Brief
The line containing "Nike Zoom Pink", plus every line that follows it to the end of the listing below, is what you transcribe exactly; omit all pictures.

(Beginning of Collected material)

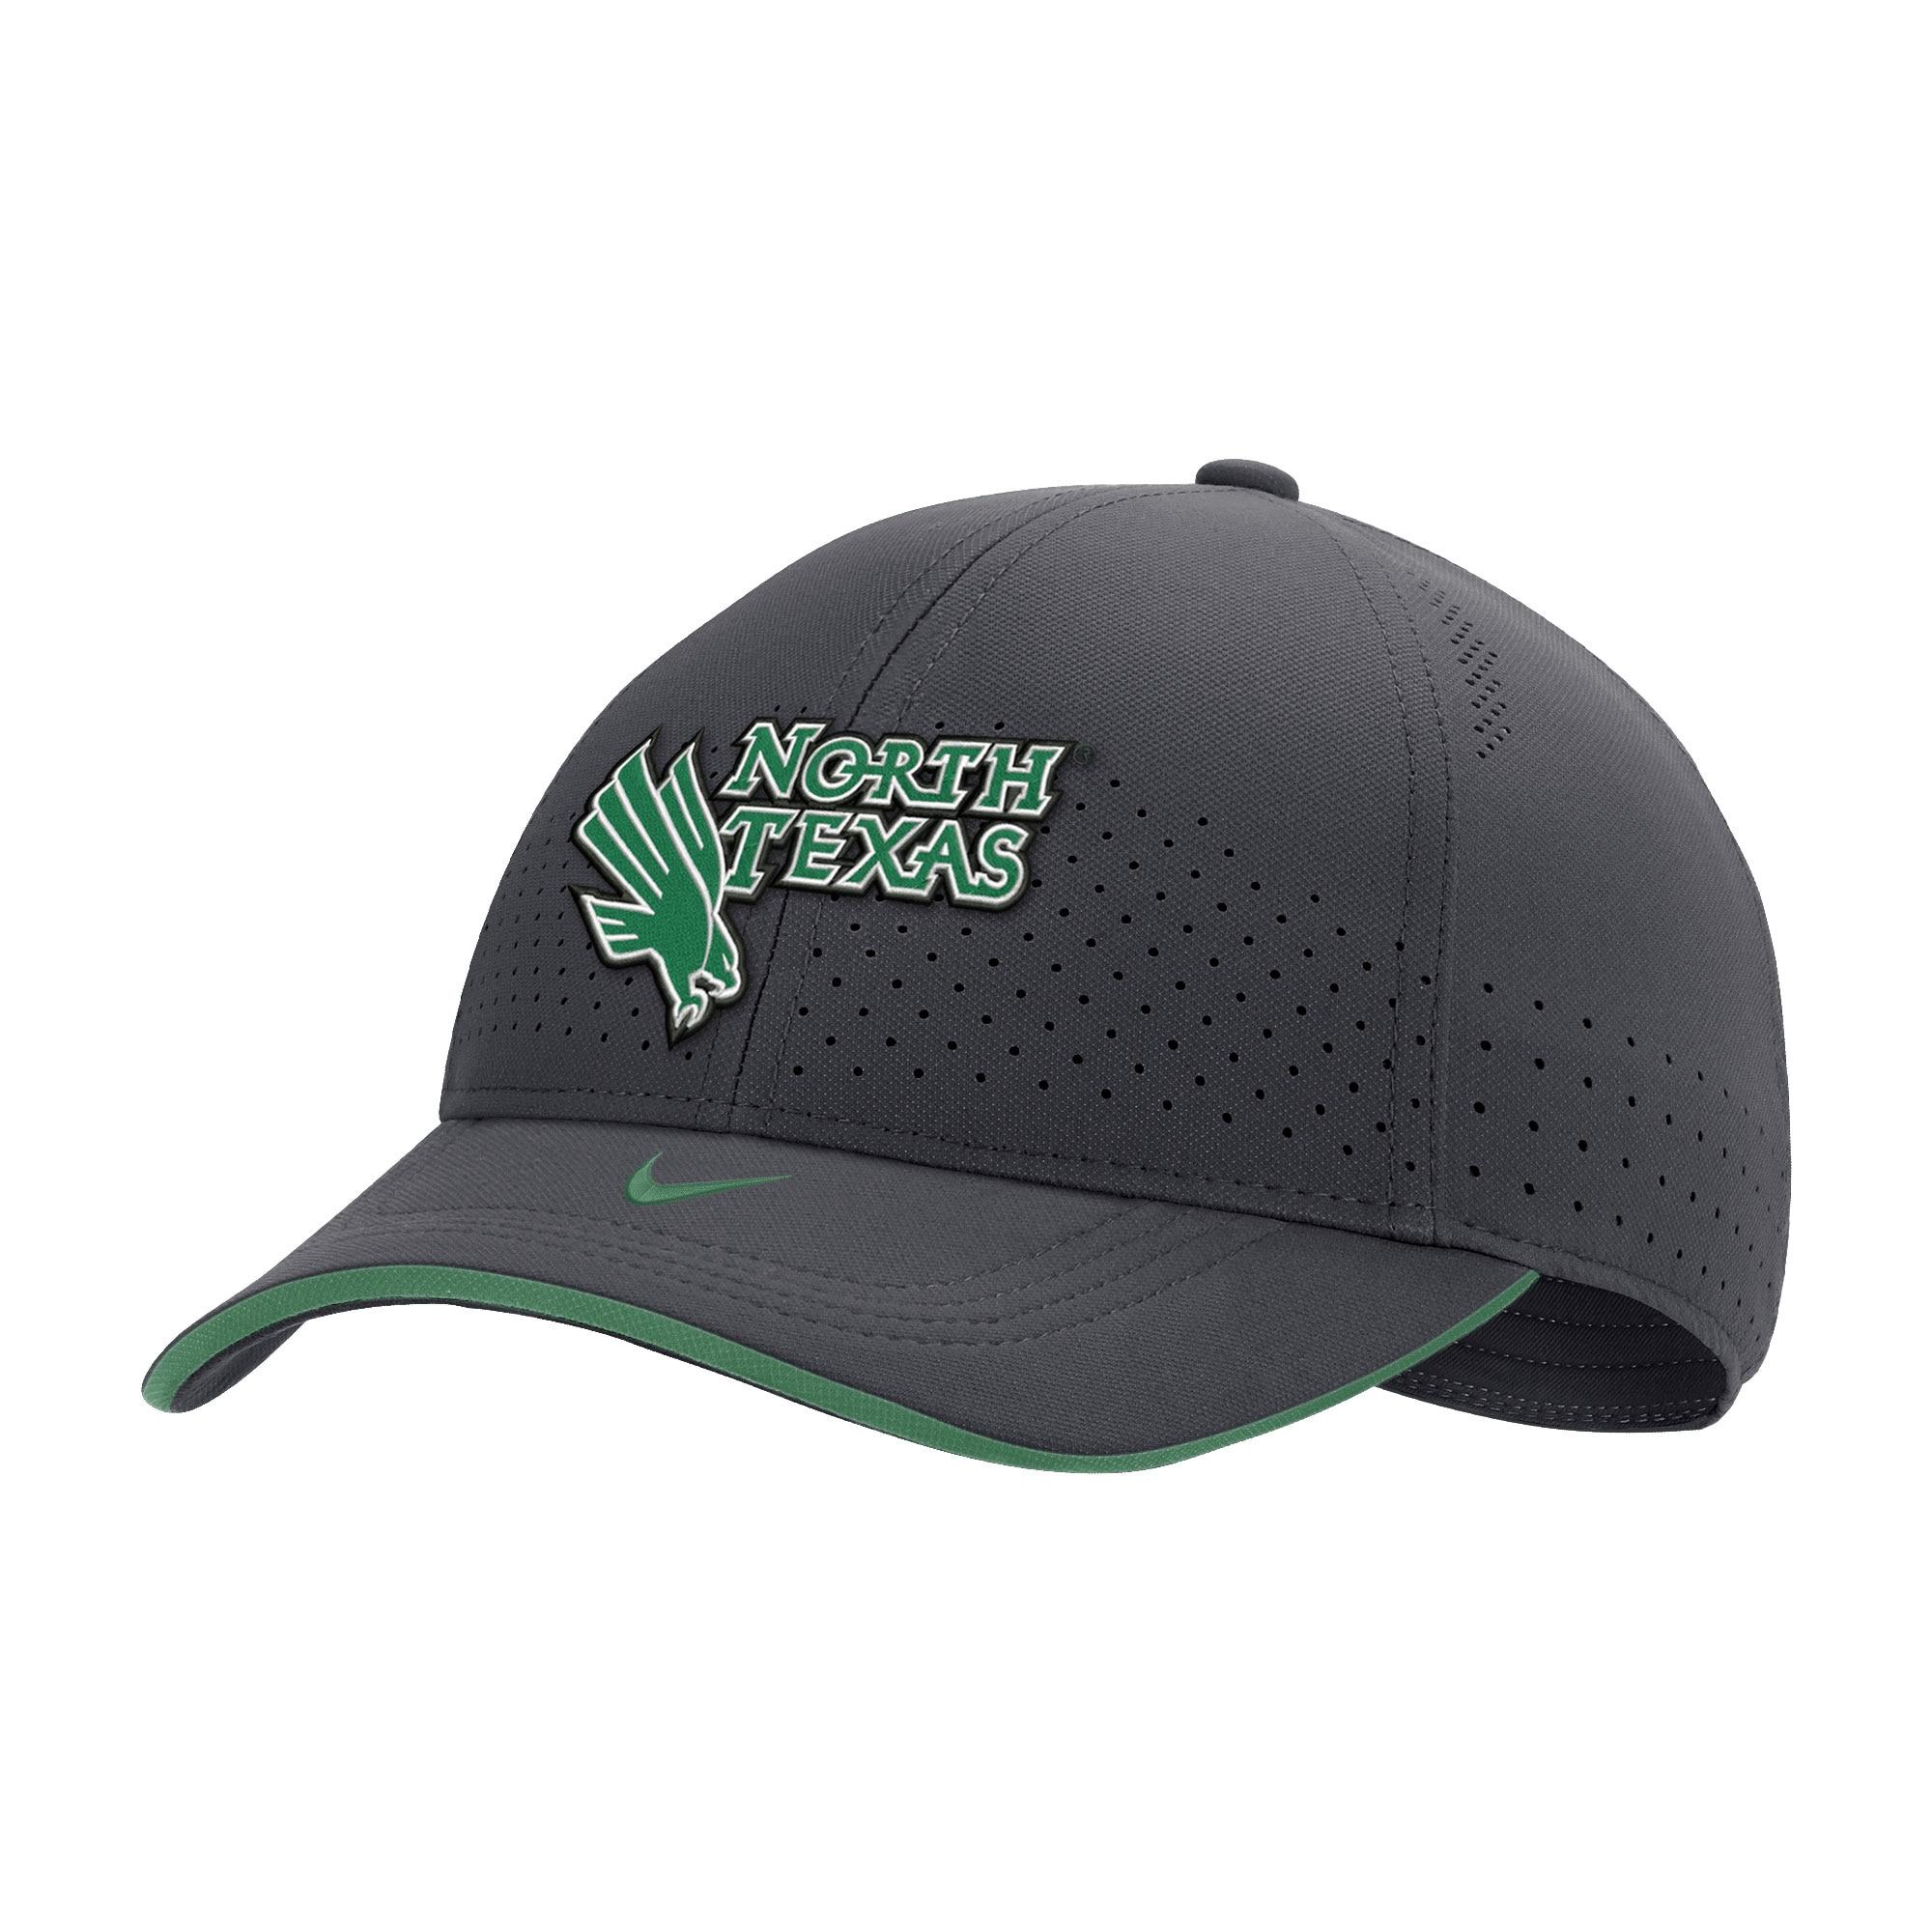 University of North Texas Nike Sideline 2020 L91 Adjustable Cap Hat
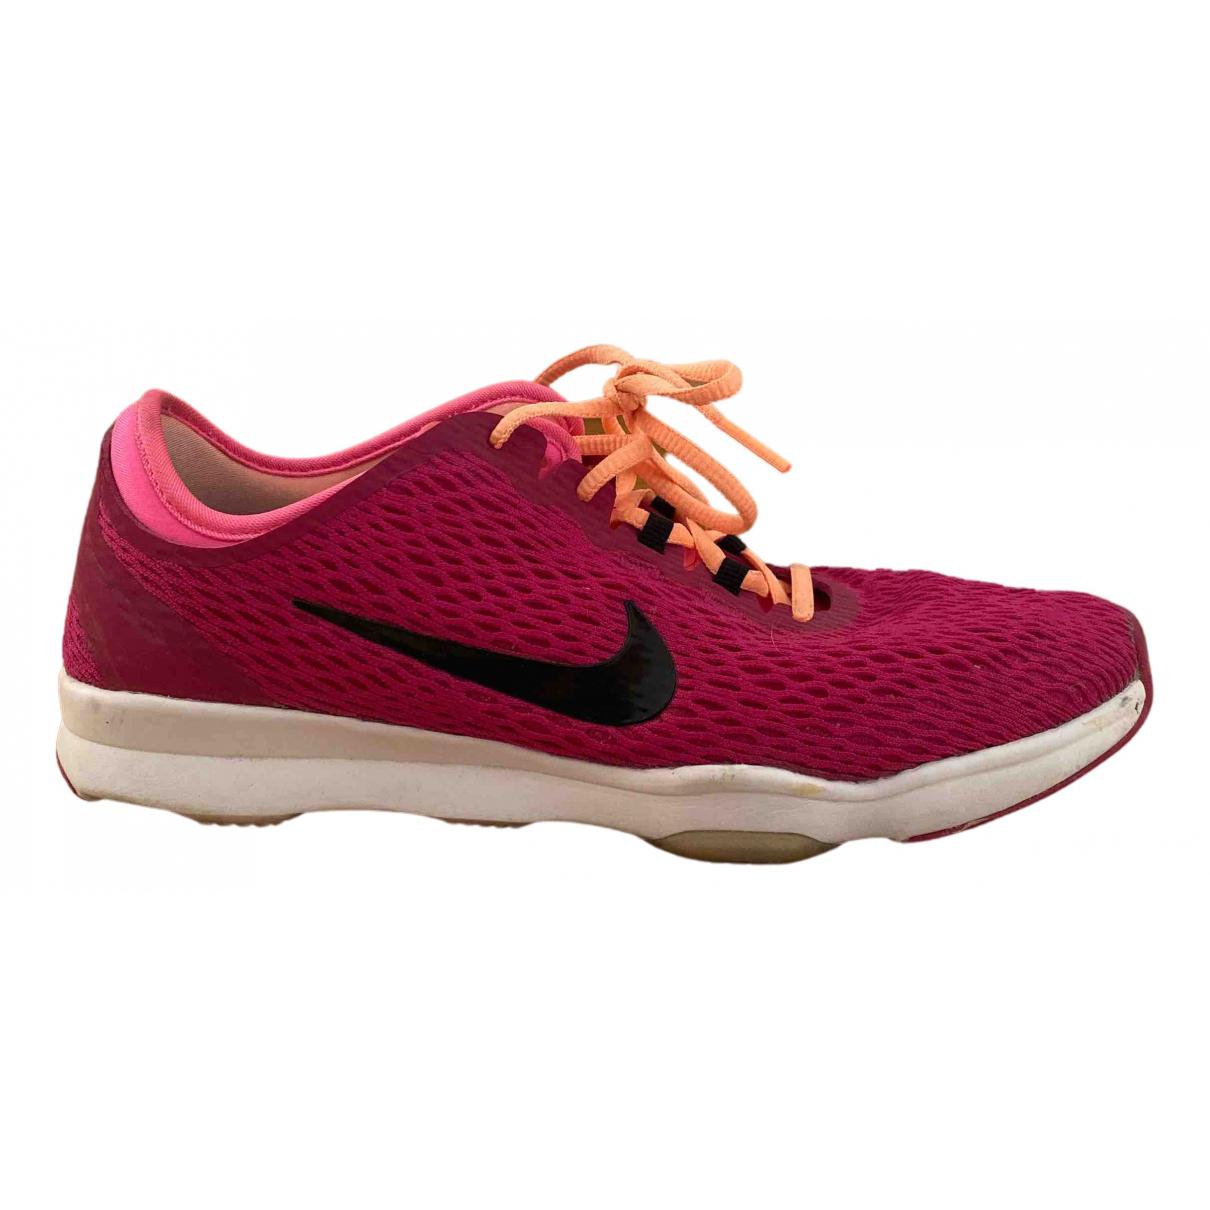 Nike Zoom Pink Cloth Trainers for Women 37.5 EU
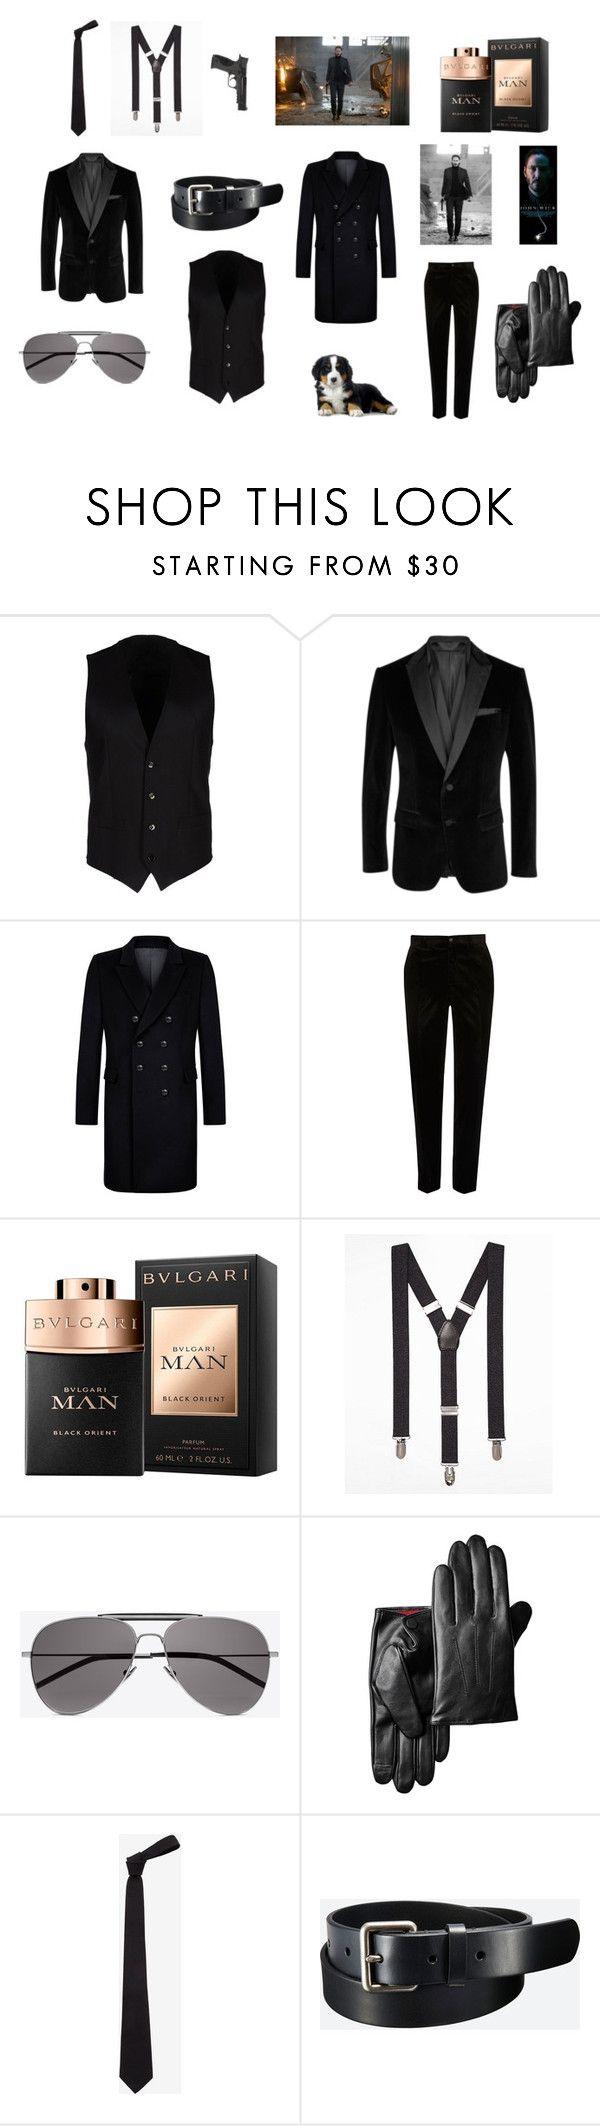 """John Wick-Hitman"" by dorian1890 on Polyvore featuring Dolce&Gabbana, BOSS Black, Kumeth, River Island, Express, Yves Saint Laurent, Alexander McQueen, Uniqlo, Smith & Wesson ve men's fashion"
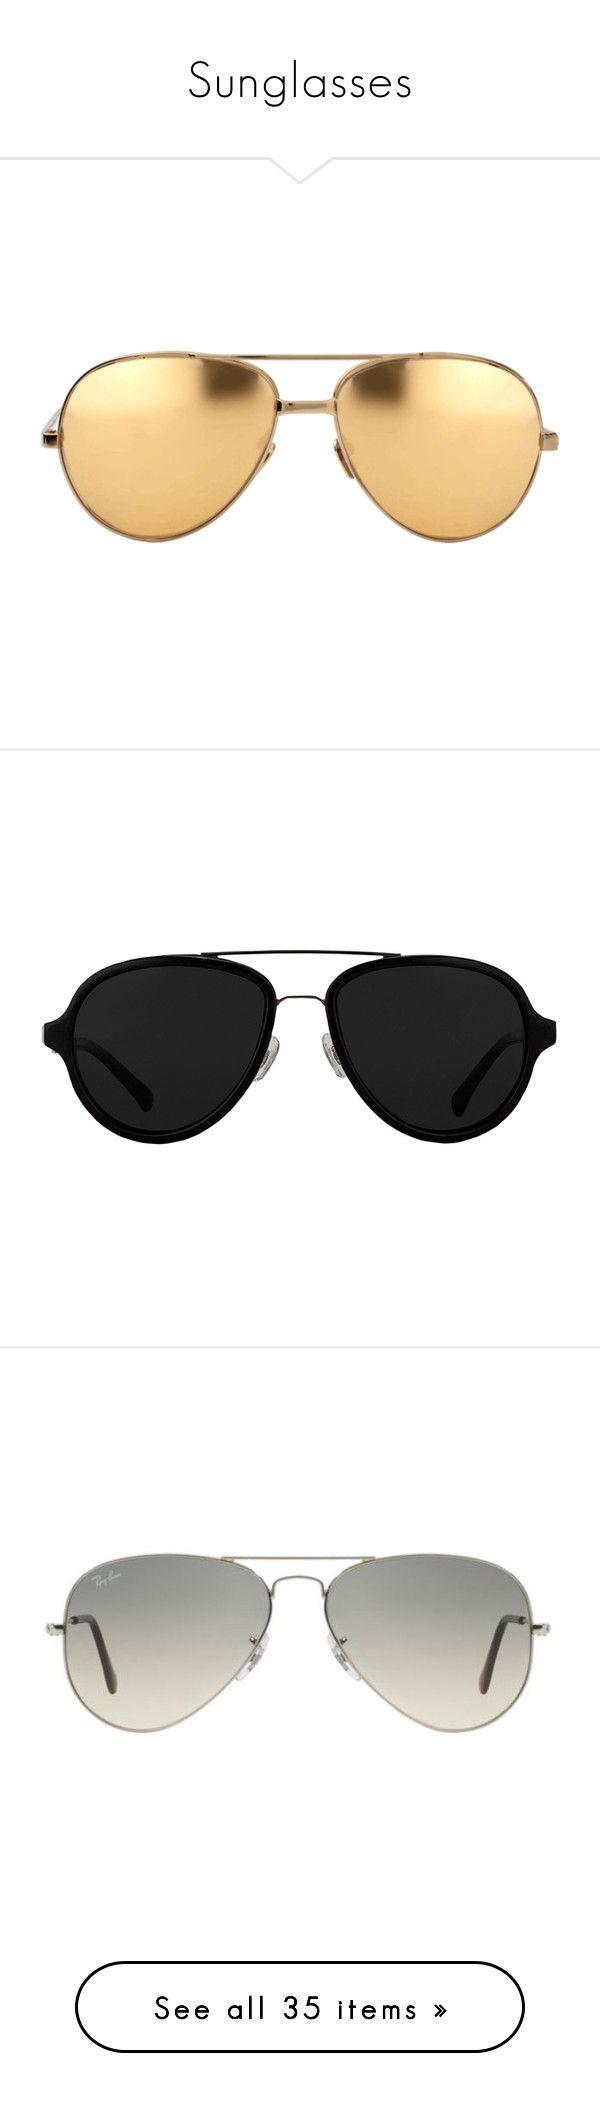 """Sunglasses"" by melissaobey ❤ liked on Polyvore featuring accessories, eyewear, sunglasses, glasses, extras, mirrored aviators, linda farrow sunglasses, gold aviators, gold aviator sunglasses and mirrored sunglasses"

(End of Collected material)

Answer to this task
 Nike Zoom Pink Cloth Trainers for Women 37.5 EU
 """John Wick-Hitman"" by dorian1890 on Polyvore featuring Dolce&Gabbana, BOSS Black, Kumeth, River Island, Express, Yves Saint Laurent, Alexander McQueen, Uniqlo, Smith & Wesson ve men's fashion"
 """Sunglasses"" by melissaobey ❤ liked on Polyvore featuring accessories, eyewear, sunglasses, glasses, extras, mirrored aviators, linda farrow sunglasses, gold aviators, gold aviator sunglasses and mirrored sunglasses"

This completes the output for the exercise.